12. Persepolis 2 is filled with vibrant secondary characters. Describe some of them. Describe the men in Marjane’s life and her relationships with them. Who stands out as the most memorable and influential person on Marjane?

13. Why does Marjane frame an innocent man while waiting for her boyfriend one afternoon? How is she betraying her family as well as the man himself? How does she redeem herself in her grandmother’s eyes? While in Austria, Marjane tries to assimilate and denies being Iranian, “betraying my parents and my origins”? How and why does she betray them? What are the consequences of this? Do you think her betrayals are justified?

14. How do tradition, family, duty, opportunity and memory each play a role in determining whether Marjane returns to Europe or not by the end of the book? Why do Marjane’s parents encourage her to leave both times, as a 14-year-old and as a 22-year-old, though they remain in Iran?

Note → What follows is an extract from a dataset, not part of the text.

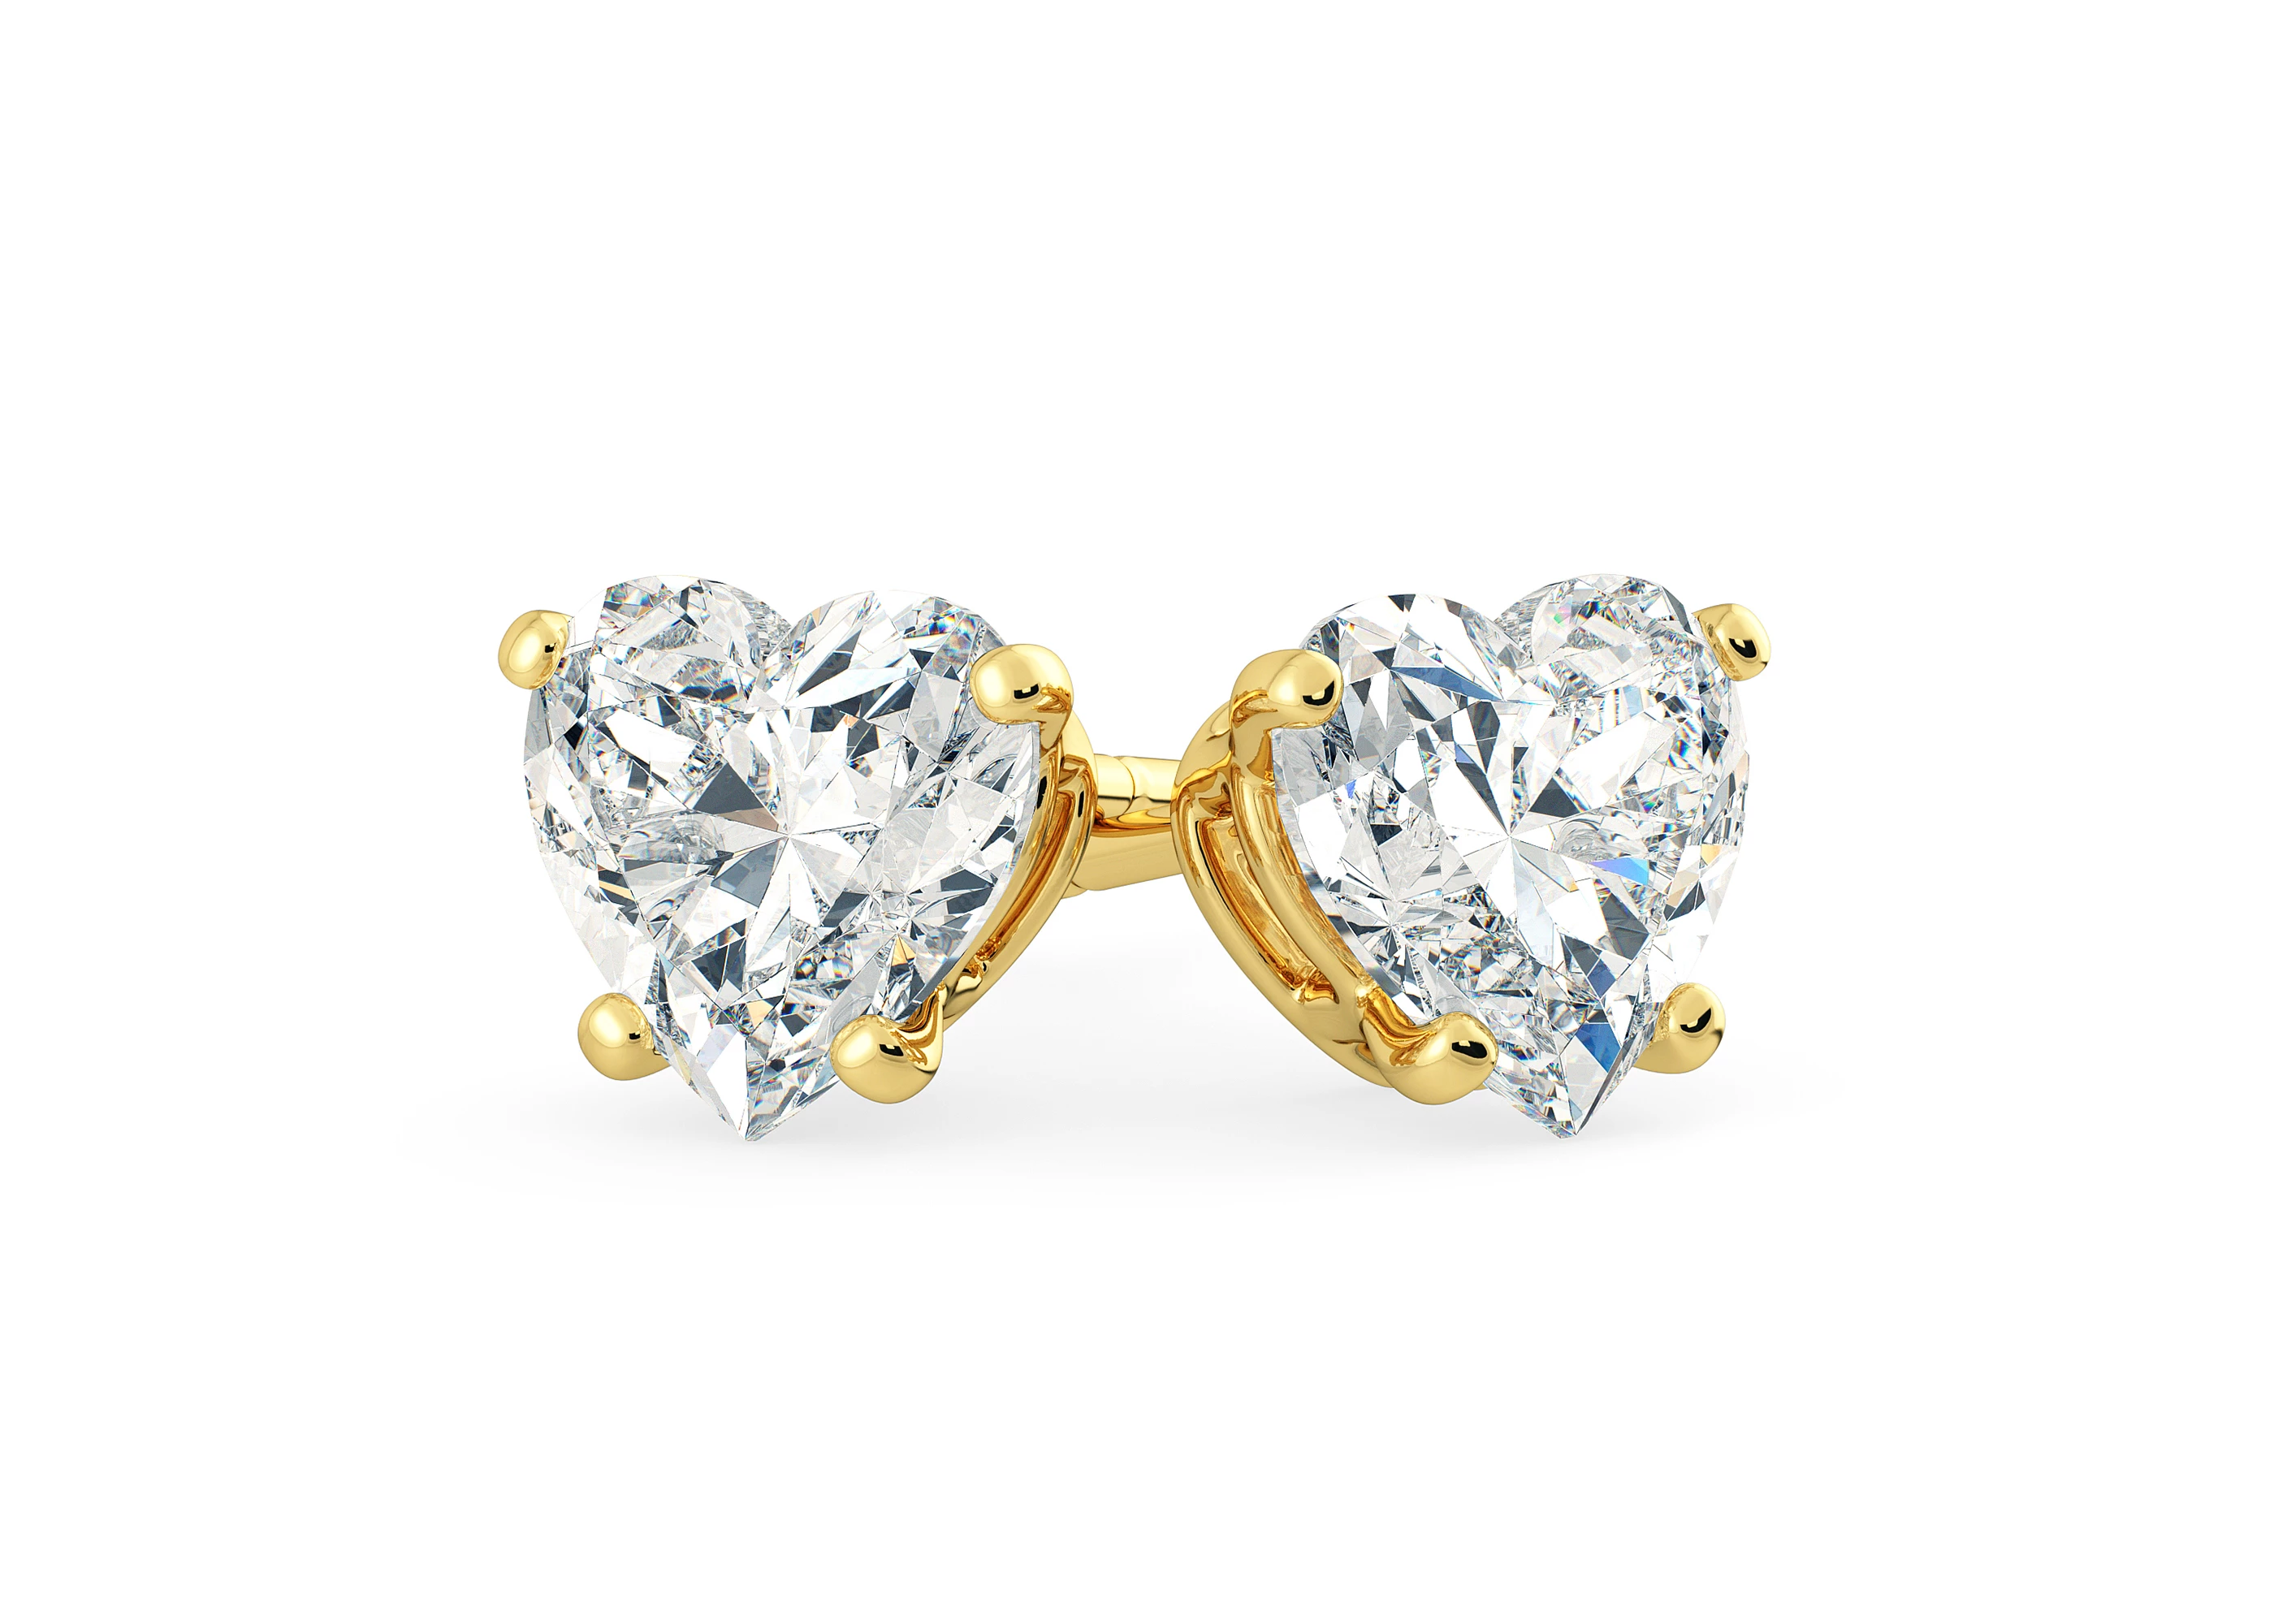 One Carat Heart Diamond Stud Earrings in 18K Yellow Gold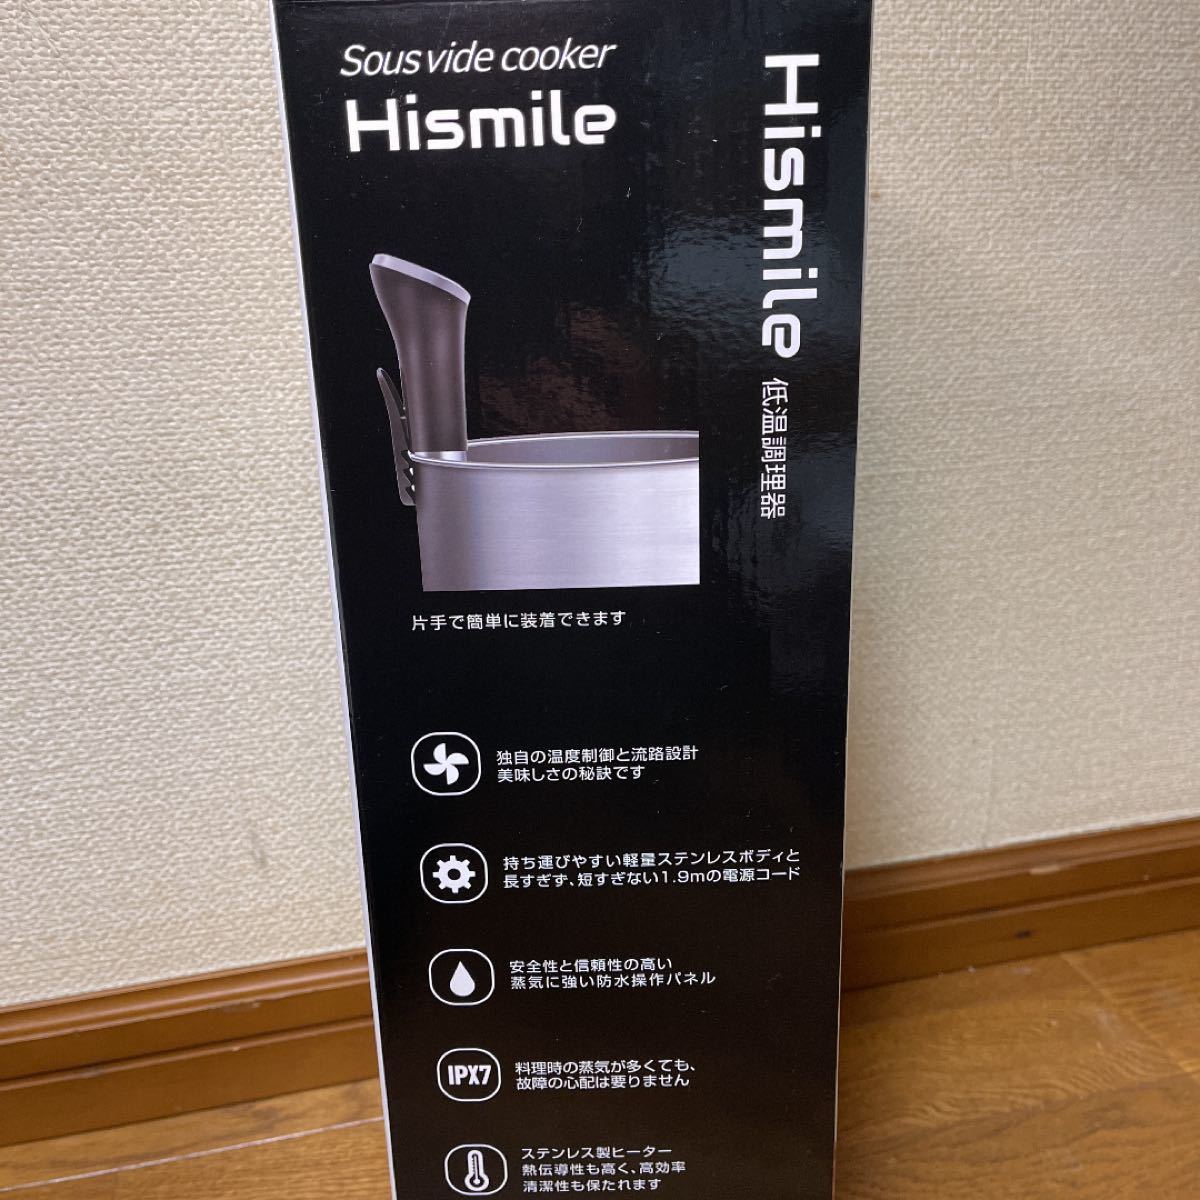 Hismile プレミアム　低温調理器 真空調理器 スロークッカー

15. Despite being forced to wear the veil in Iran and hating it, Satrapi recently wrote an article in The Guardian (UK) newspaper against banning the veil in French schools and stating that forcing girls not to wear the veil is as bad as forcing them to do so. Do you agree with her stance? Describe the role of the veil in Persepolis 2. What is its religious and social purpose? How do the women deal with wearing the veil?

About this Author

Marjane Satrapi was born in 1969 in Rasht, Iran. She now lives in Paris and is a regular contributor to magazines and newspapers throughout the world. Persepolis was translated into twelve languages and was awarded the first Fernando Buesa Peace Prize in Spain in 2003.

Suggested Reading

Sandra Cisneros’s The House on Mango Street; Andre Dubus III’s House of Sand and Fog; Firoozeh Dumas’s Funny in Farsi; Maxine Hong Kingston’s Woman Warrior; Azar Nafisi’s Reading Lolita in Tehran; Joe Sacco’s Palestine; Art Spiegelman’s Maus; Amy Tan’s The Joy Luck Club.